Wanting to scream, I rolled over and fell asleep, hoping I wouldn't ever wake up.

Unfortunately, when the sun rose, so did I. Groaning to myself, the alarm next to my bed was beeping insanely loud, so I switched it off and sat up. Just another day in the life of a misfit.

"Lara! Lara are you awake?!" I heard my mom before I saw her and then I did, after she threw herself through the door and smacked my feet, "Get your ass out of bed! The kids need breakfast," She ordered, stroming out of my room and slamming the door.

I rolled my eyes, she was probably going to go lay back down. Right, because why should the mother  take care of her children?

As I sat up, my youngest sibling, Adam, came running in and hid his face in my knees. Closely followed were Chandler and Sophie.
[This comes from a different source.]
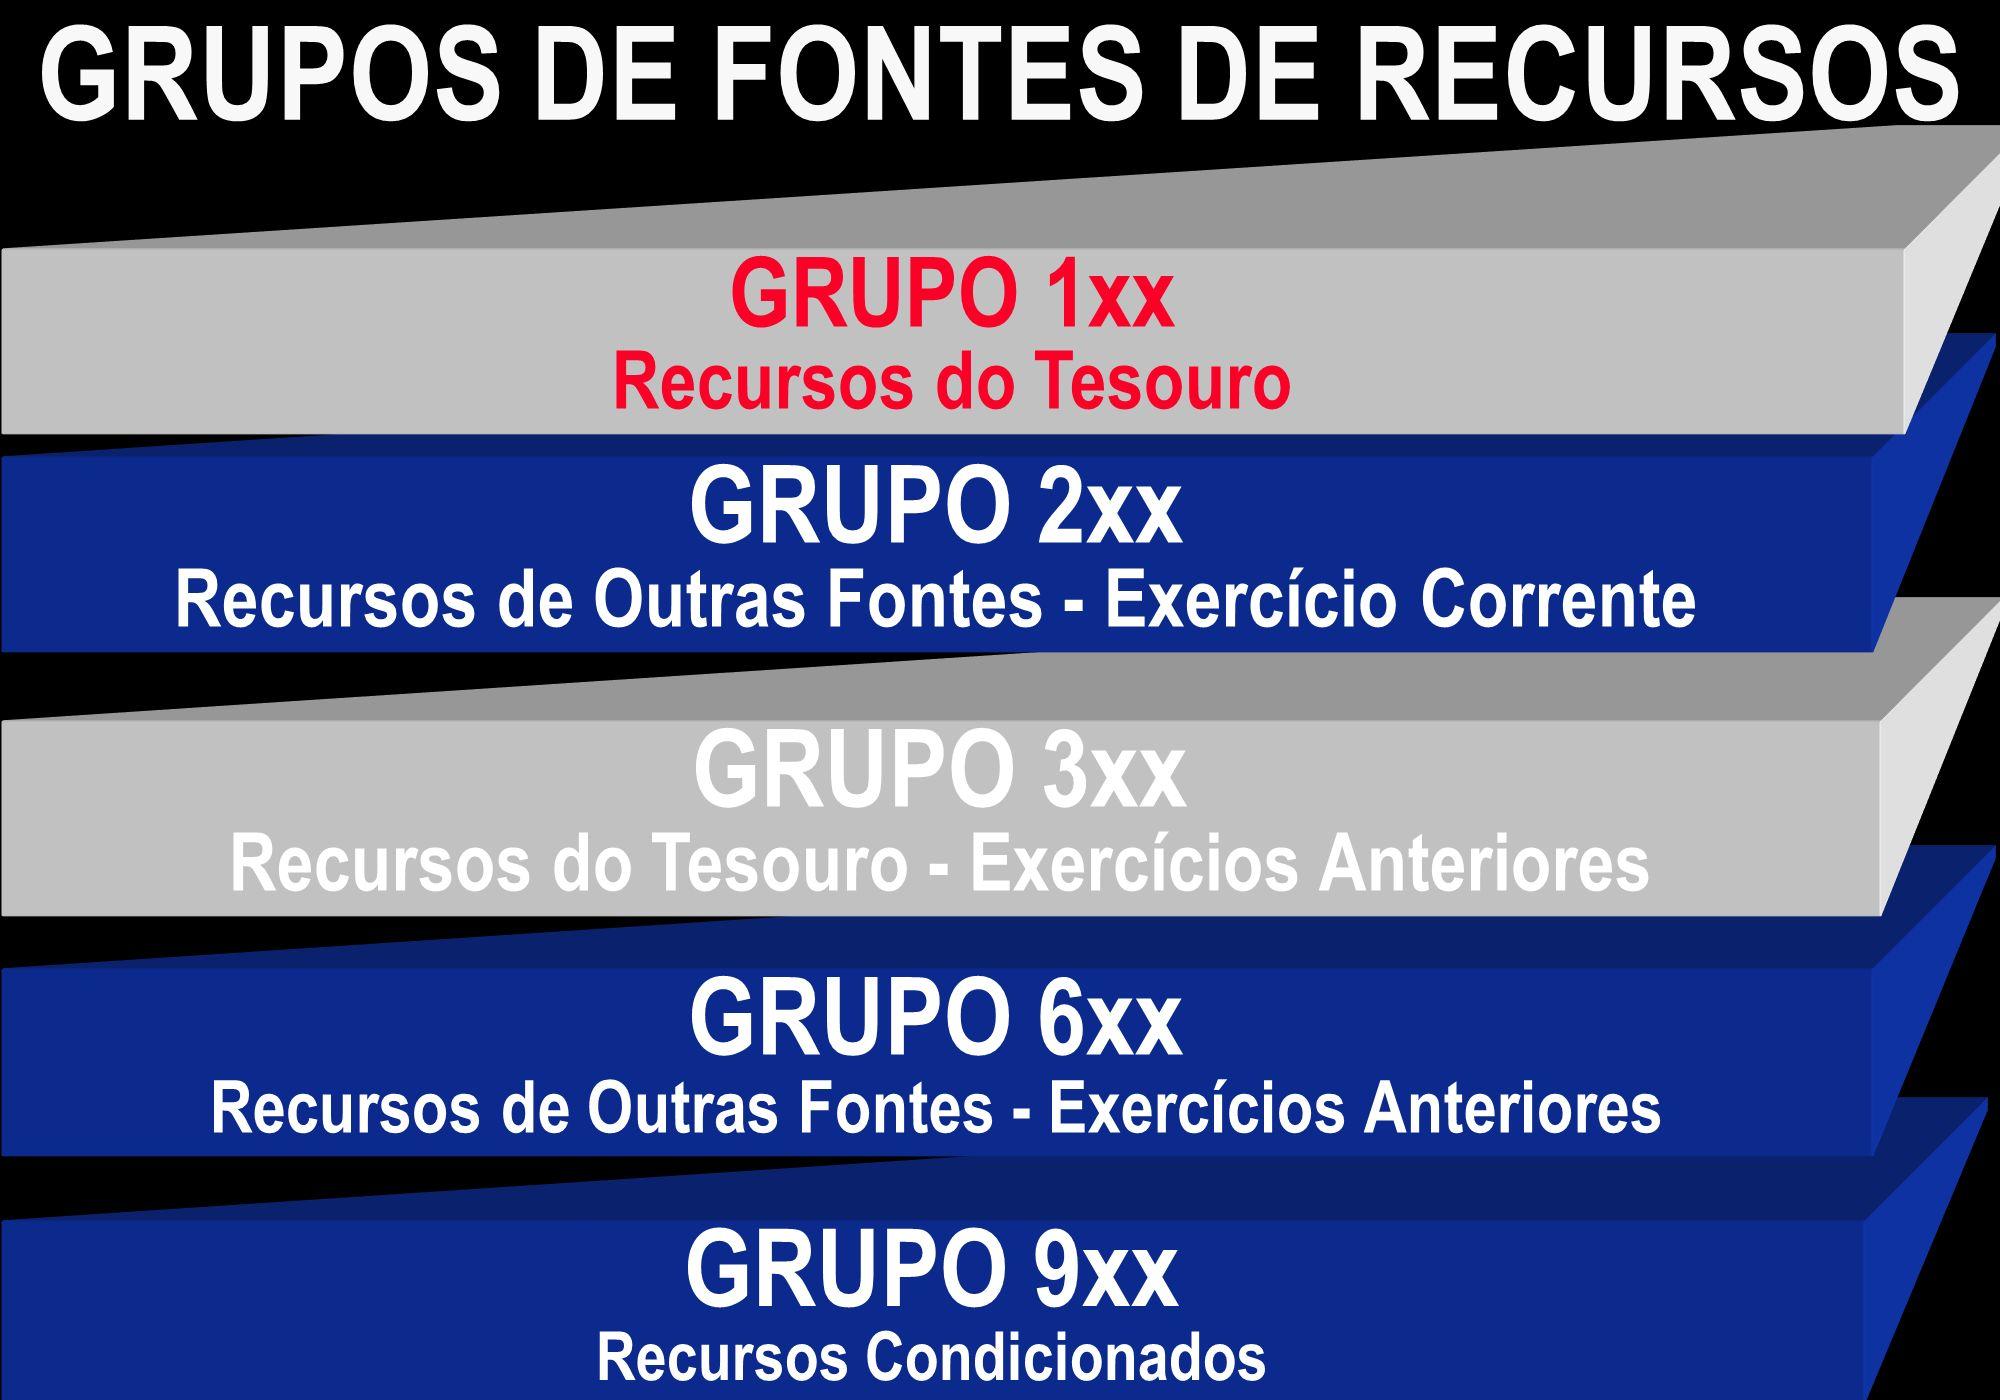 GRUPOS DE FONTES DE RECURSOS GRUPO 9xx Recursos Condicionados GRUPO 6xx Recursos de Outras Fontes - Exercícios Anteriores GRUPO 3xx Recursos do Tesour

The three were too close in age. And I wasn't fully related to any of them. Adam was my favorite, because he was the easiest to take care of since he was merely two. Chandler was my least favorite, not that I didn't like him, he was just too much like his father and had three years behind him. Lastly, Sophie was five and acted like she was two.

My mother had a tendency to run around as she wished doing whatever she wanted with whomever she wanted. She'd never been married, and that bothered me. She wasn't setting the best example for us. And now nearing her late thirties, she was financially unstable as well as emotionally and mentally. Often times my grandmother had taken care of us for a while, that was, until my grandmother passed from lung cancer right before Adams' first birthday.
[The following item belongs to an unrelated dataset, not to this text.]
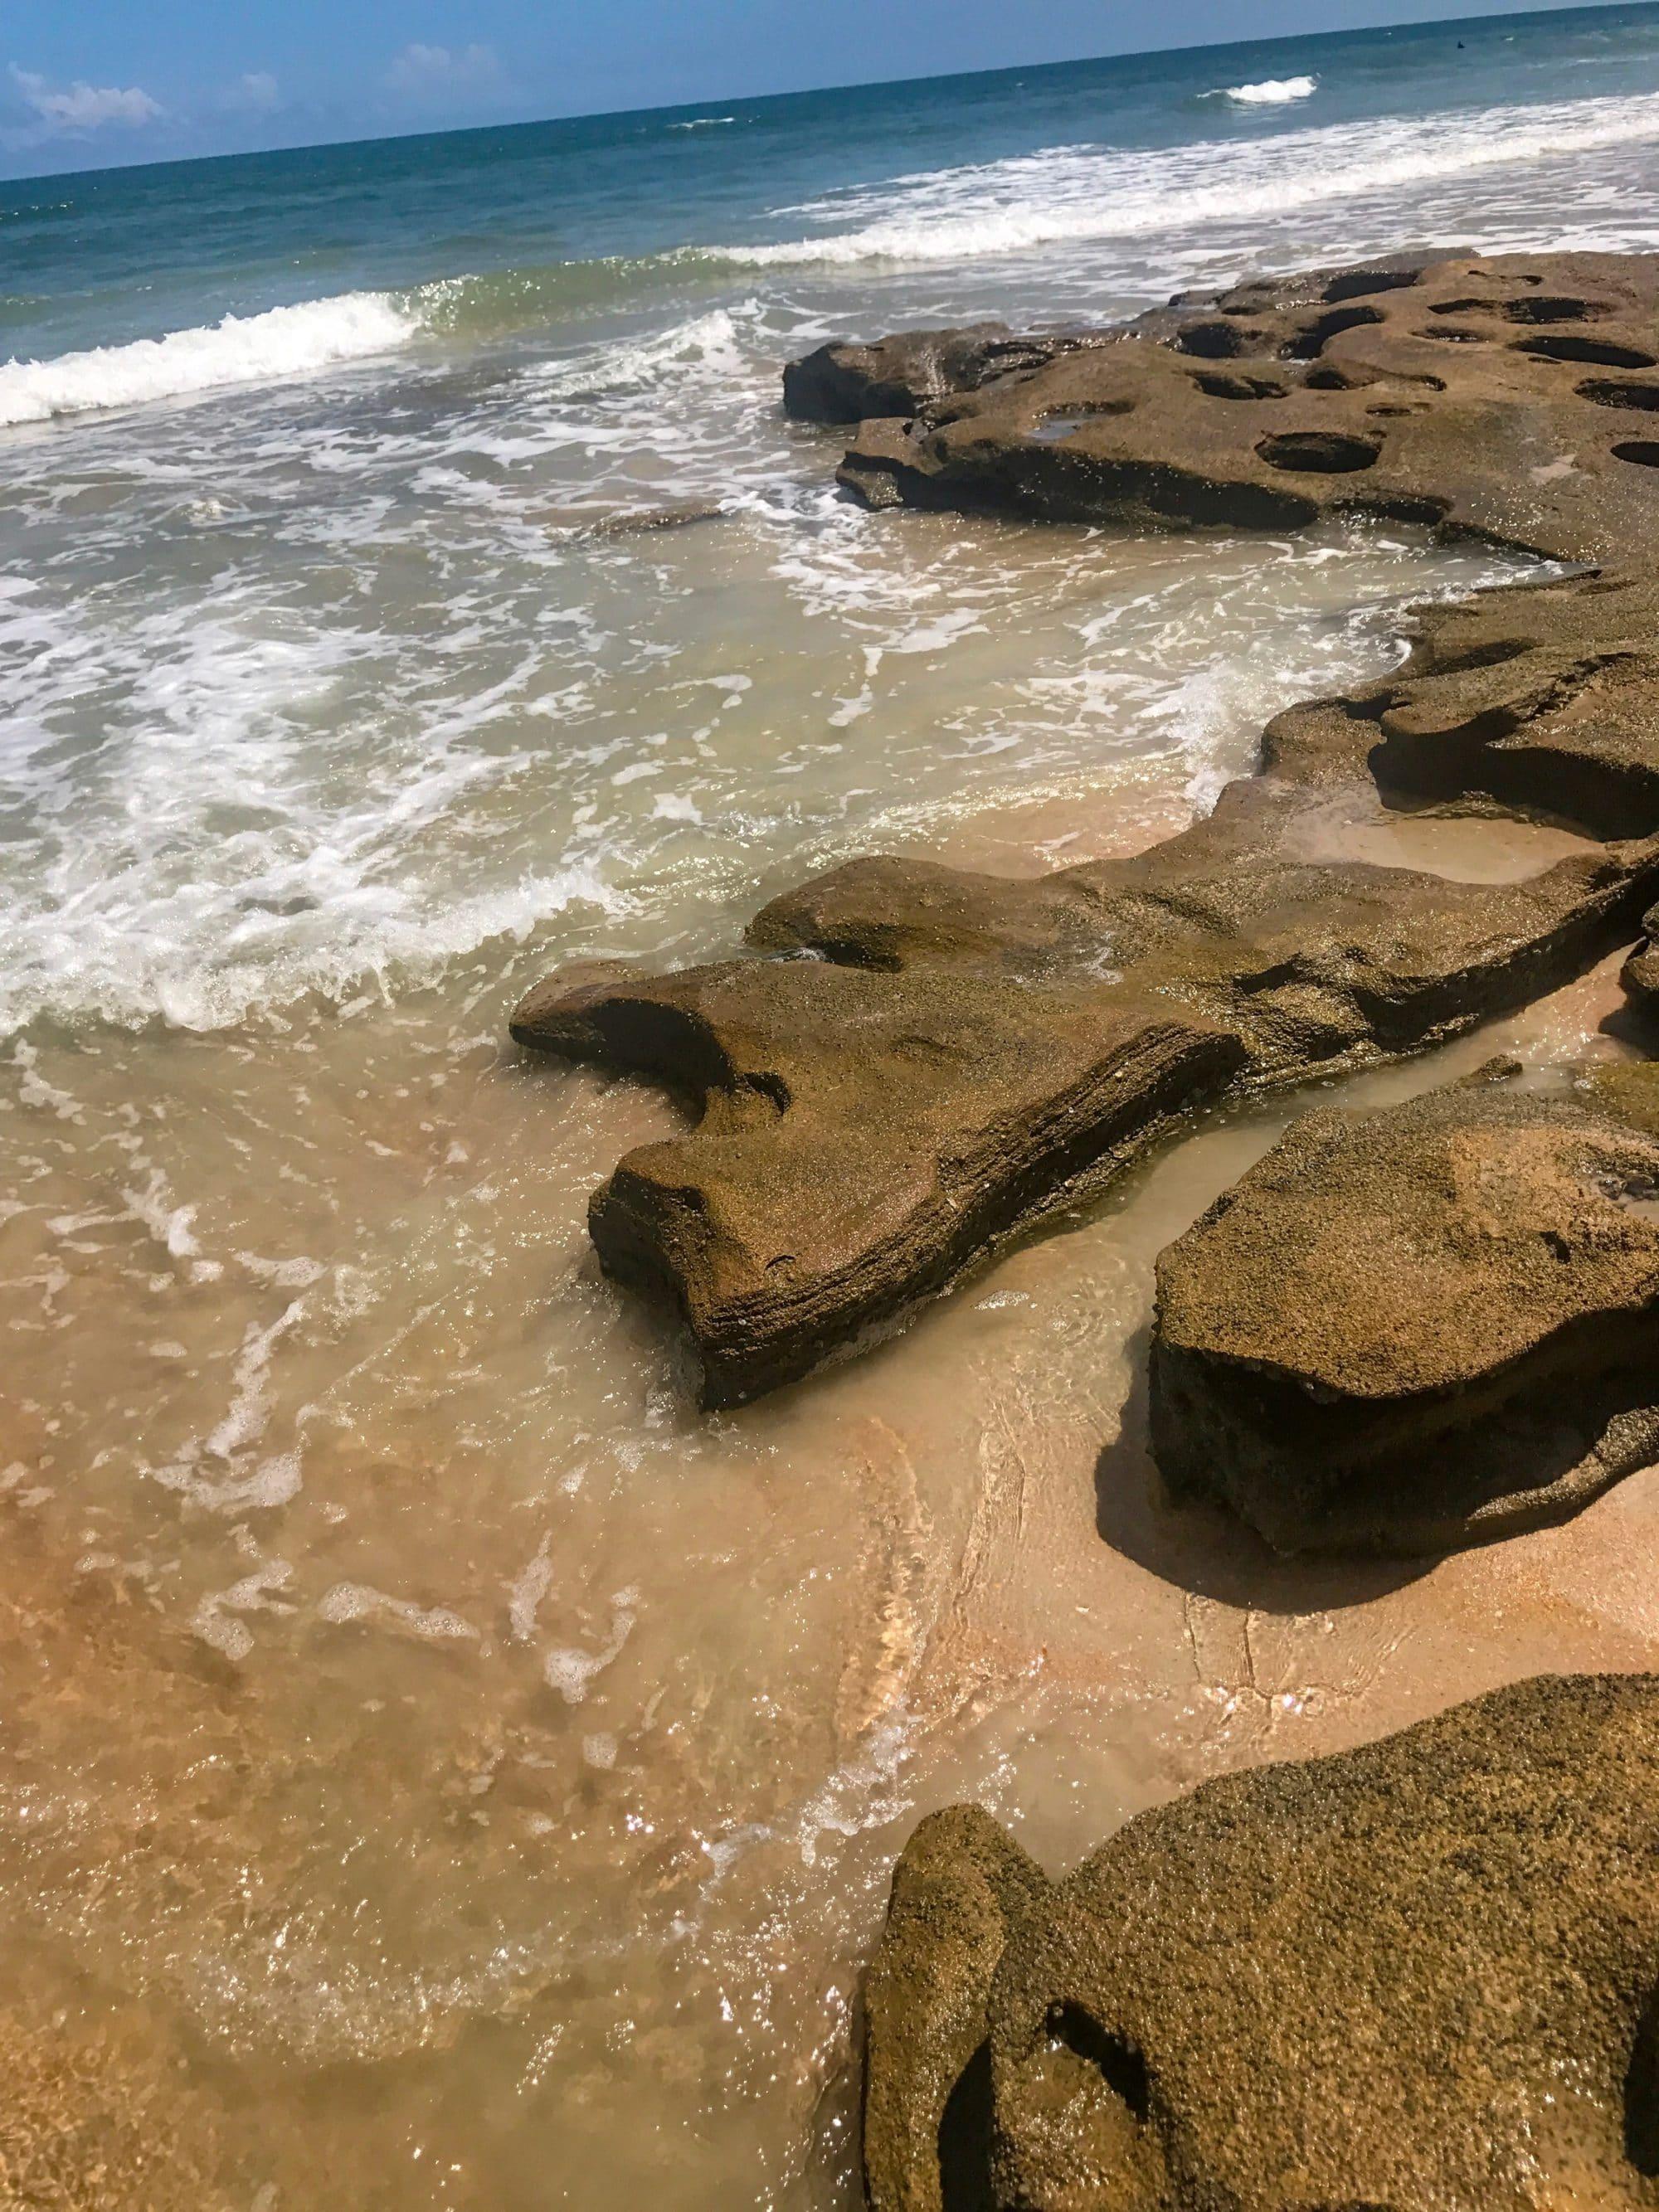 Ormond beach photography of Washington oaks state park near marineland. Coquina rock formations on the east coast of Florida.

Now it was up to me. Even though I was only sixteen. I was incharge of all motherly duties. Bathing, driving, clothing, feeding, cleaning... You name it, I did it. Mother was really only serving legal purposes so we weren't sent to some weird foster house.

I Hate Her.

I swept Adam into my arms and smiled at him as he stuck his thumb into his mouth, "Want some breakfast?" I asked, he nodded, not looking at me and Chandler and Sophie jumped, yelling that they agreed. I had to hush them, not wanting them to awake my mom. They had no idea sometimes that she even existed. They called my mom or asked where she was a lot. I usually had to correct that, I didn't want people thinking I was their mother.

Downstairs, I warmed Adam up some oatmeal, his favorite, and served Chandler and Sophie toast and eggs. Chandler was quite the eater for a three year old, I had to admit. As they ate, I got a glass of orange juice, careful not to take it all, and then went into the bathroom and let down my hair.

It hung perfectly to my elbows, and my bangs swept over my face they way I liked them too. Sometimes I thought maybe I was decent looking after all, but then again... That thought never lasted long.

I heard a sippy cup fall to the ground and then Adam cried. I sighed and leaned against the bathroom sink before sulking back into the kichen. Chandler wouldn't have looked more guilty if he had just committed murder. I took his wrist and knelt down next to him, he refused to look my in the eyes.